Facebook News Feed changes: Do we need them and do we care?
As regular readers of our public relations agency blog will know, the world’s number one social network is preparing to impact another set of changes that will affect the way in which it displays information. But how necessary are these alterations?
Well, in many ways they sound like just the ticket. Take for example the way Facebook mobile will now be the consistent design across all platforms, including desktops, avoiding confusion, cleaning up all the chaos we’re currently faced with, and making navigation easier. Larger images are set to make News Feed entries more visible too, and there will be more space to accommodate longer introductions to articles and linked content.
Those ideas certainly make sense. Photos account for 50% of an average Feed, with links to web pages making up another 20-30%, as such having this content govern the overall layout is logical. As storytellers, here at Smoking Gun PR we’re rather excited about the prospect of more comprehensive summaries to give people a real insight into what an item is about, and publishers will probably be happy too, with logos set to appear alongside links to their content.
The amendments go well beyond this, though. When people post content their Friends and Fans will now be given more details on where in the world the update came from, whilst users will also soon be offered different versions of the News Feed, depending on what they want to see.
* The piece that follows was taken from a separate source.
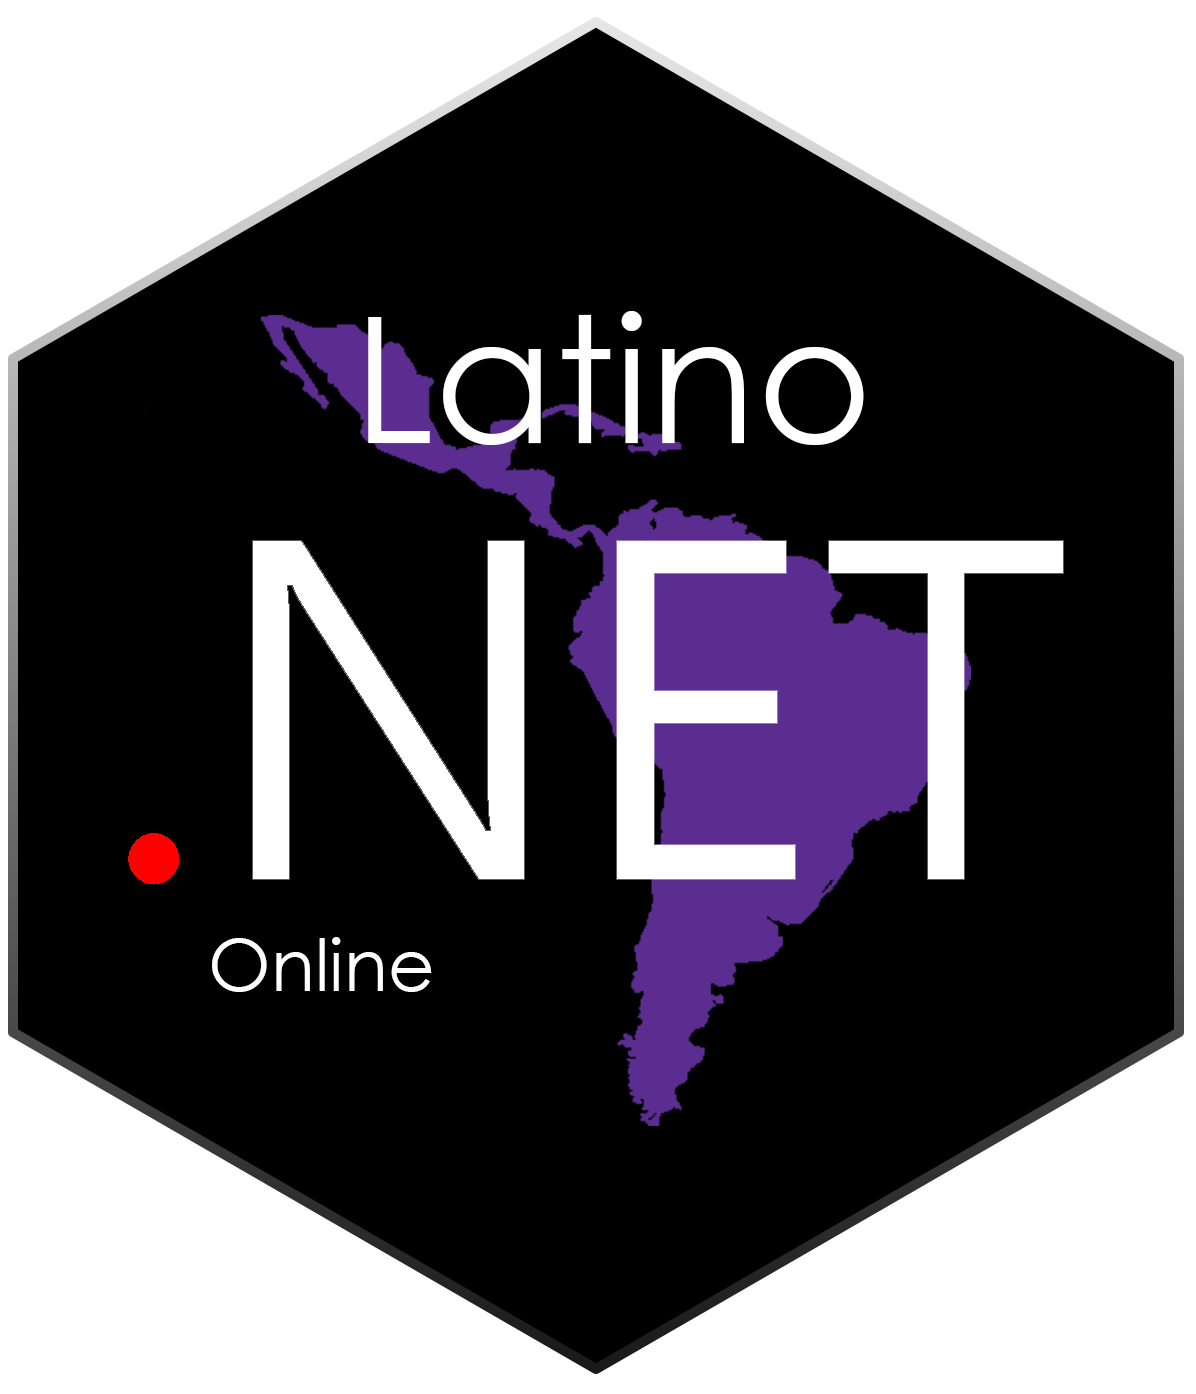 latino net online logo

These will include photos-only, music related posts, and content taken from the Pages and public figures they Like, which comes under a new ‘Following’ filter.
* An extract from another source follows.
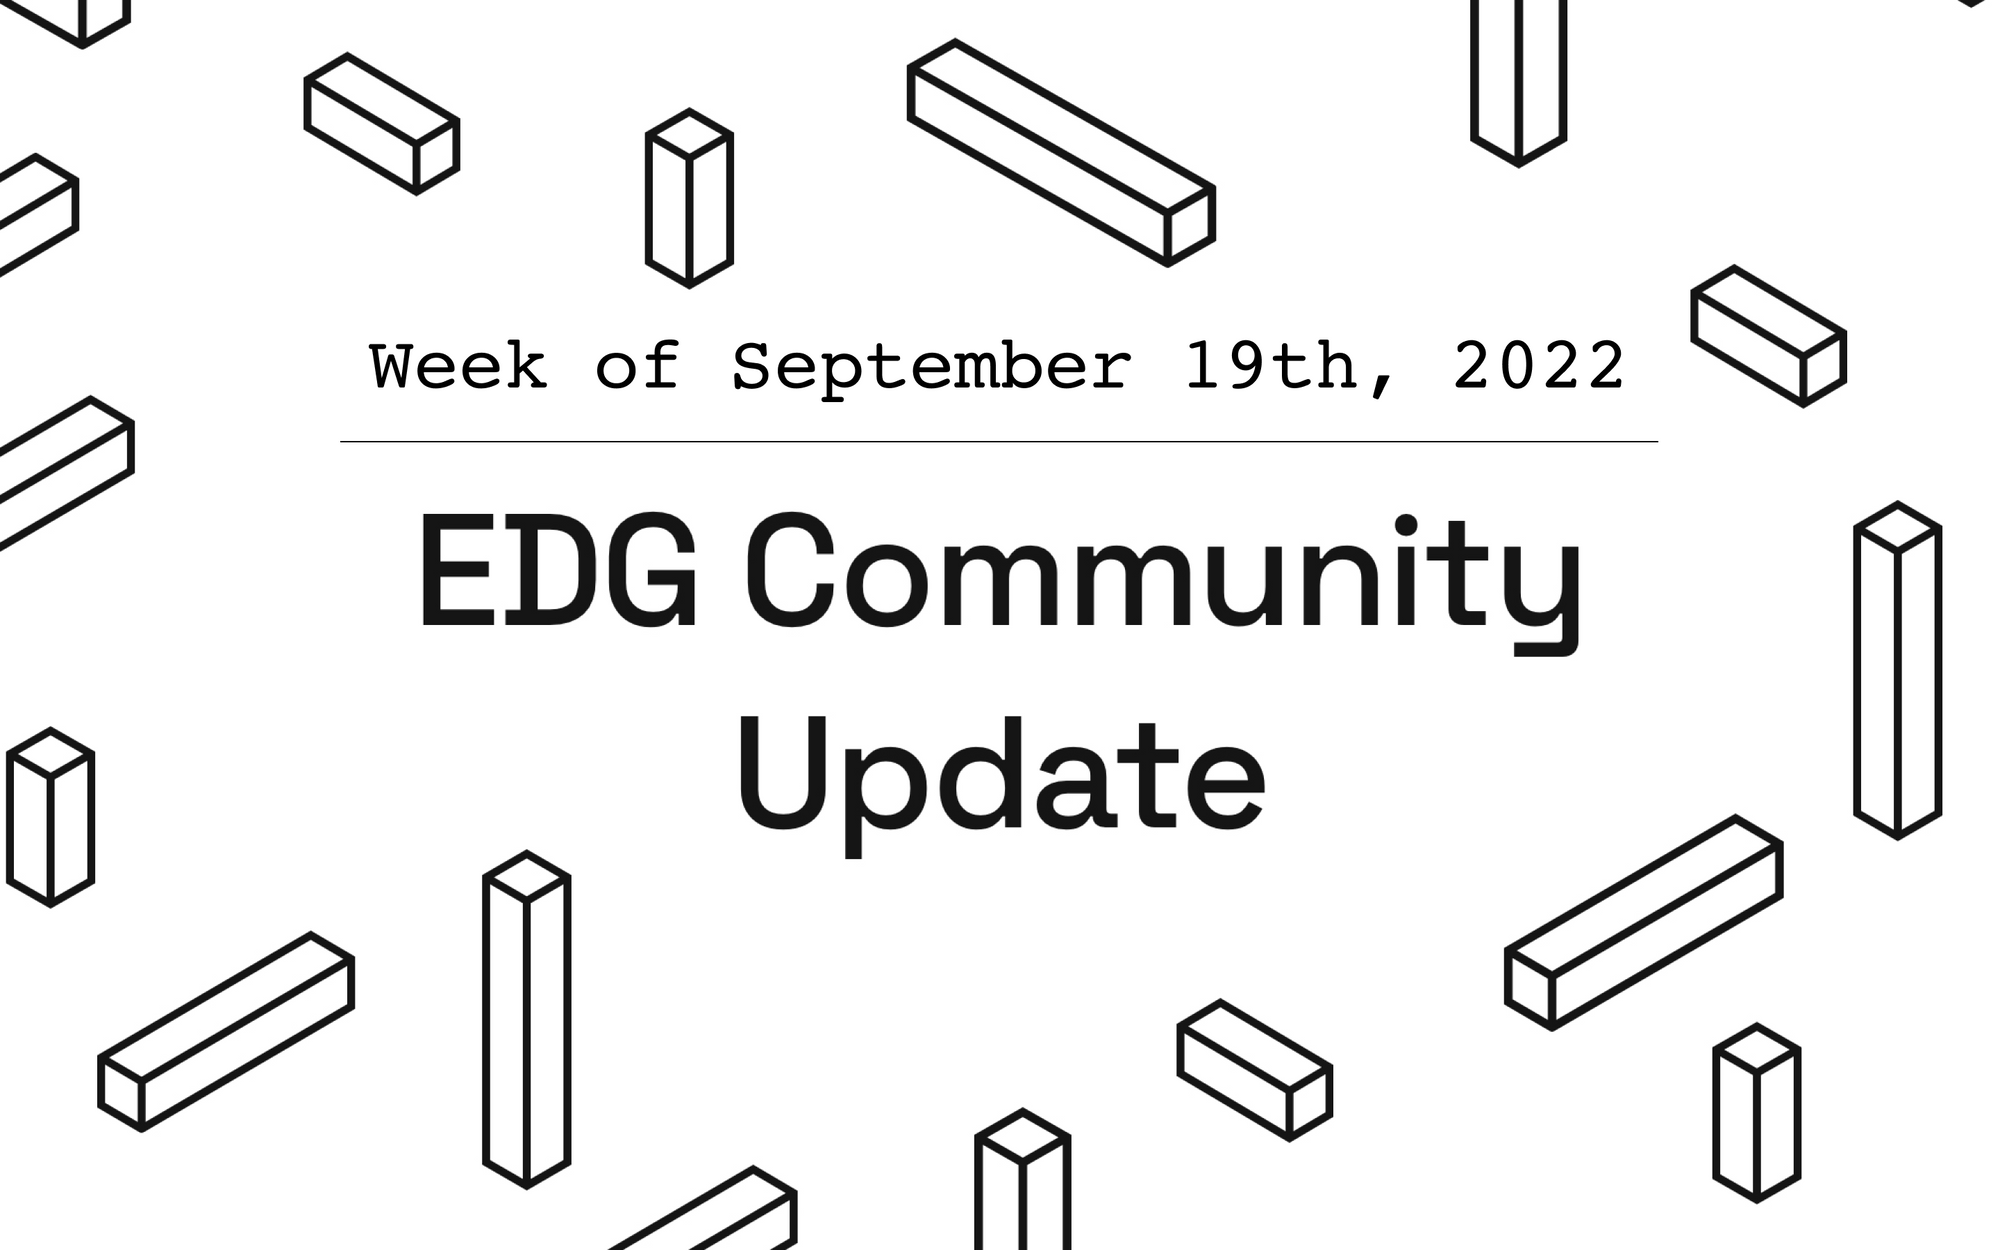 EDG Community Update: Week of September 19th, 2022

According to Chris Struhar, Facebook’s Tech Lead, this will show brands that ‘every single’ post they make is being made visible to Fans. However, as per comments on Facebook Studio, not everyone is convinced, largely because posts from businesses are currently only seen by around 16% of the people following that company. The reason for this, Facebook’s Director of Product Marketing Brian Boland once told Tech Crunch, is that “…there are pieces of content you create that are interesting, and there’s some that are not.”
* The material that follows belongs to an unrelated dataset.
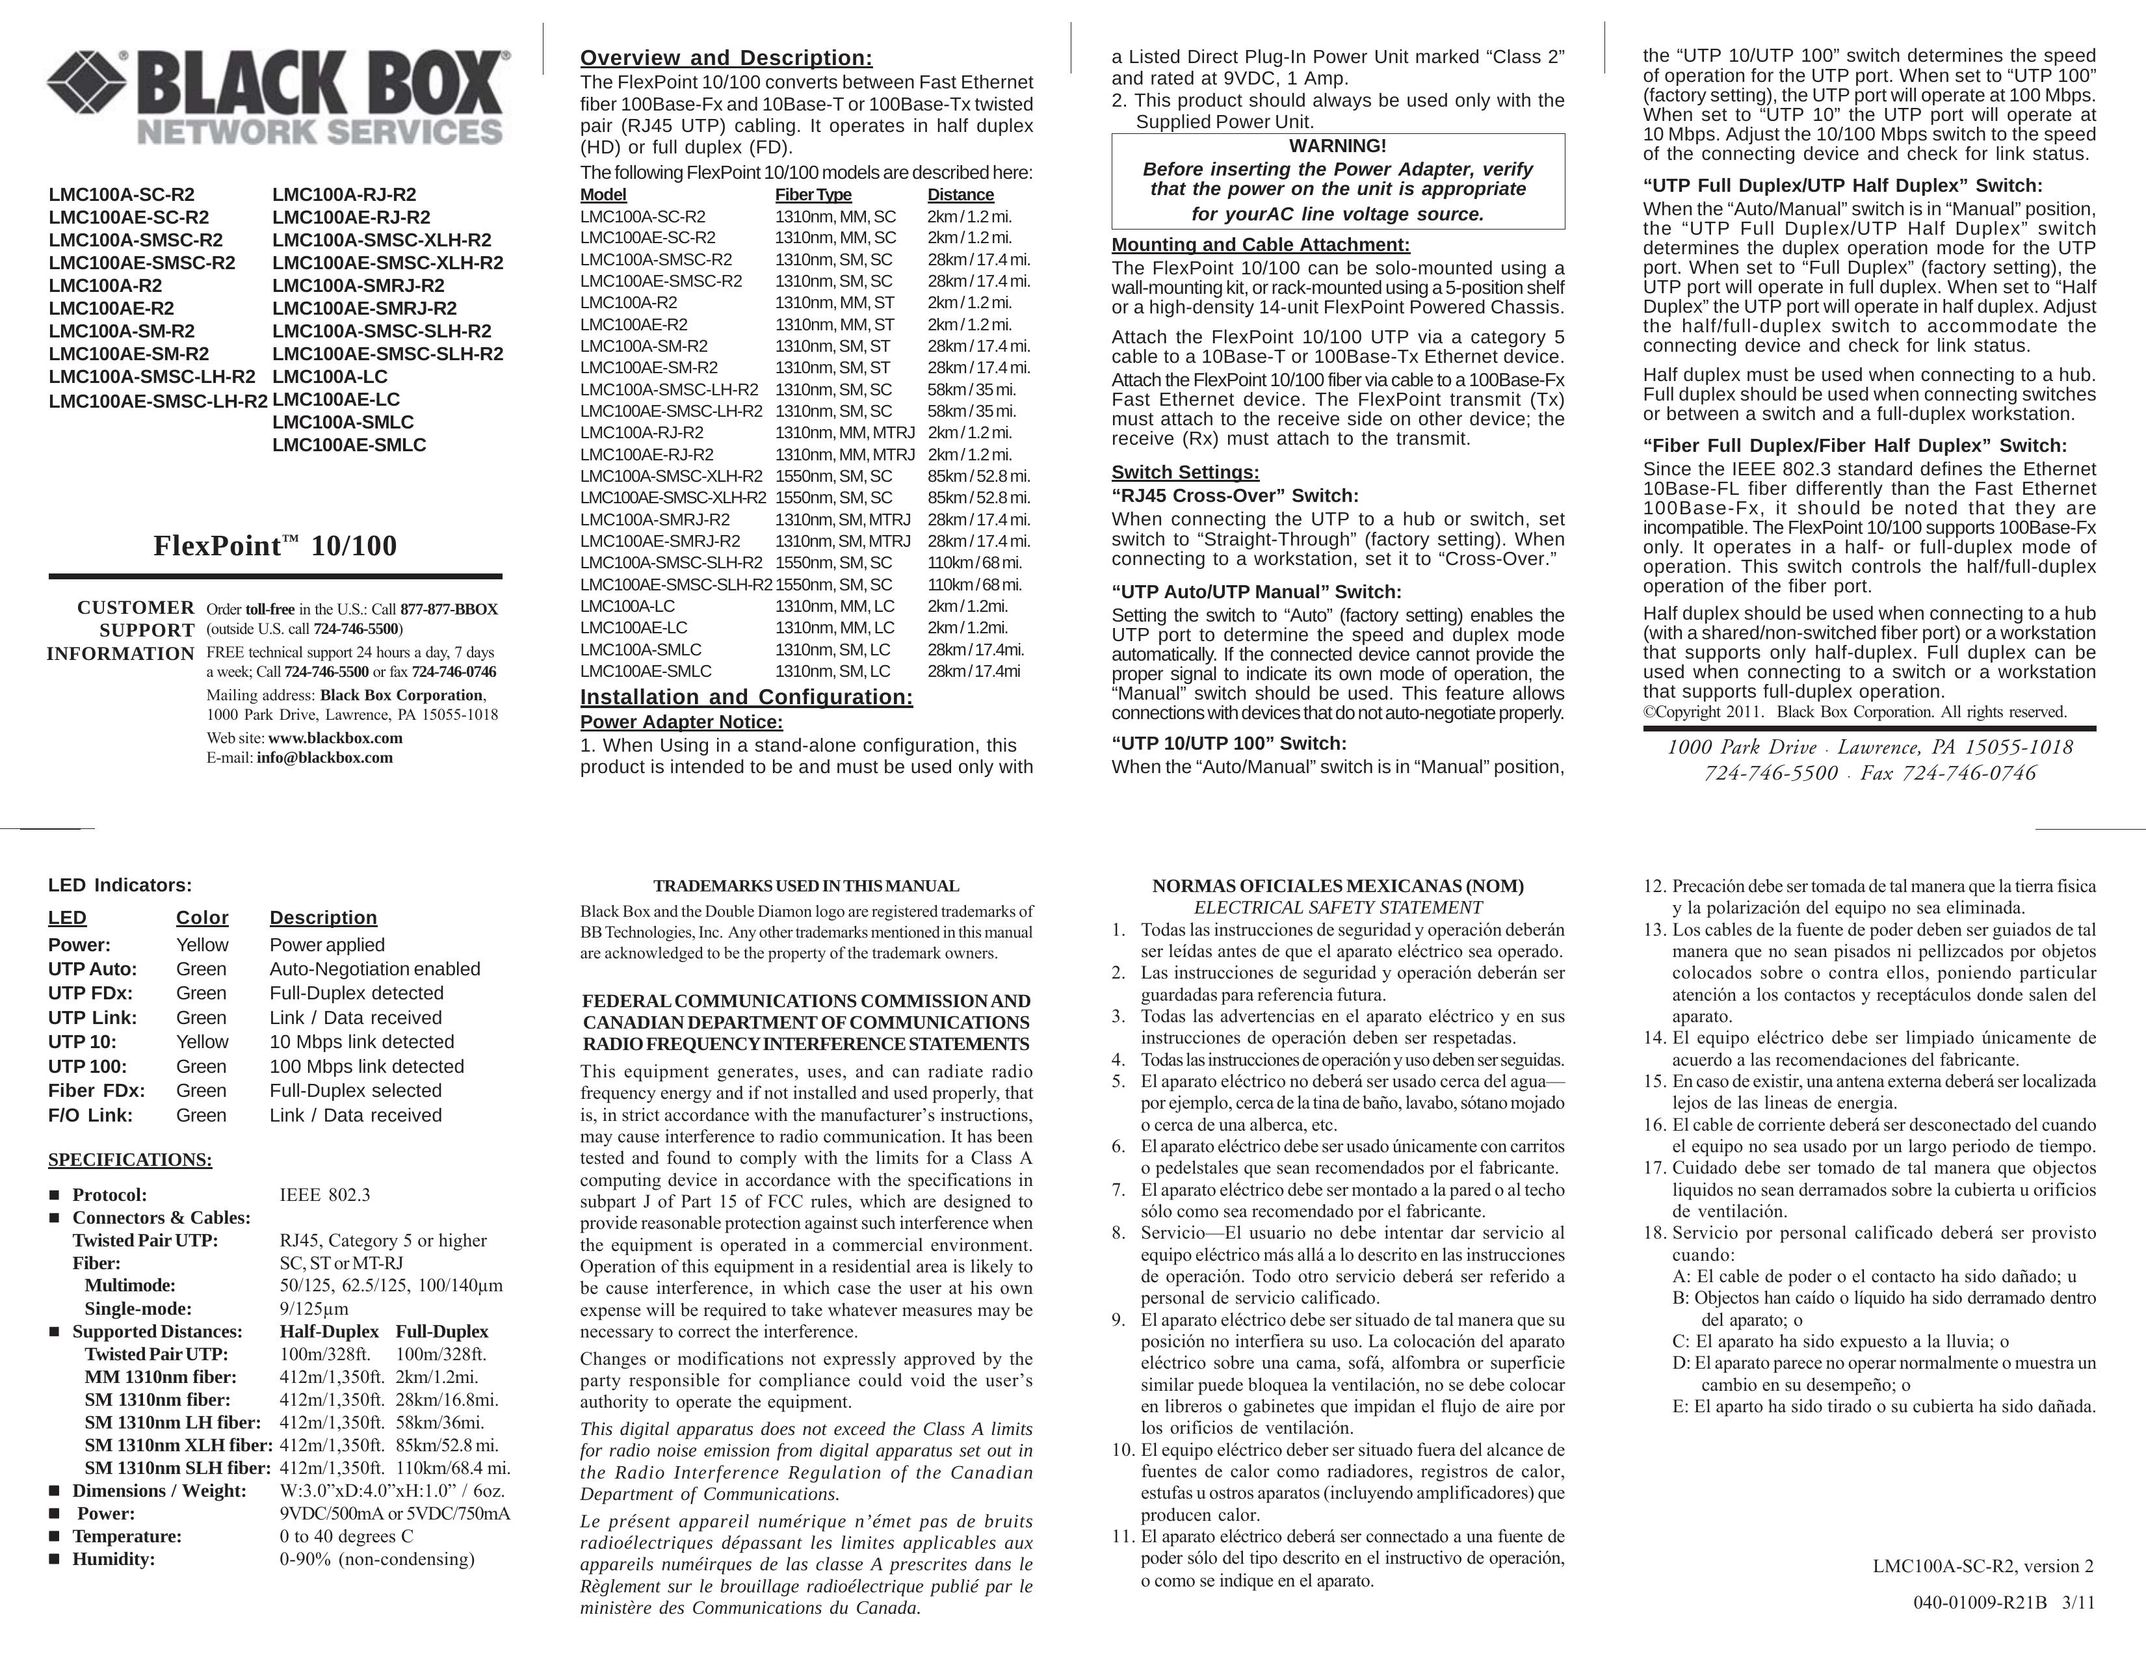 Black Box LMC100AE-SMSC-R2 Network Cables User Manual

Unsurprisingly, frequently asked questions centre on where the line between useful and inane is drawn, who draws it, and whether the real reason for that drawing is to save us from information overload, or to promote the use of paid-for advertising on the network. Of course it’s too early for judgements to be made on the positive impact the fresh look could have in terms of content reach, and sceptics could have a valid point- forcing people onto a separate tab in order to access all posts from their favourite brands et al could be too much like hard work for some, harming business visibility in the long run. Either way we’re ready to welcome a tidier screen, and more detailed shares definitely won’t go amiss… we’ll just have to wait and see on the rest.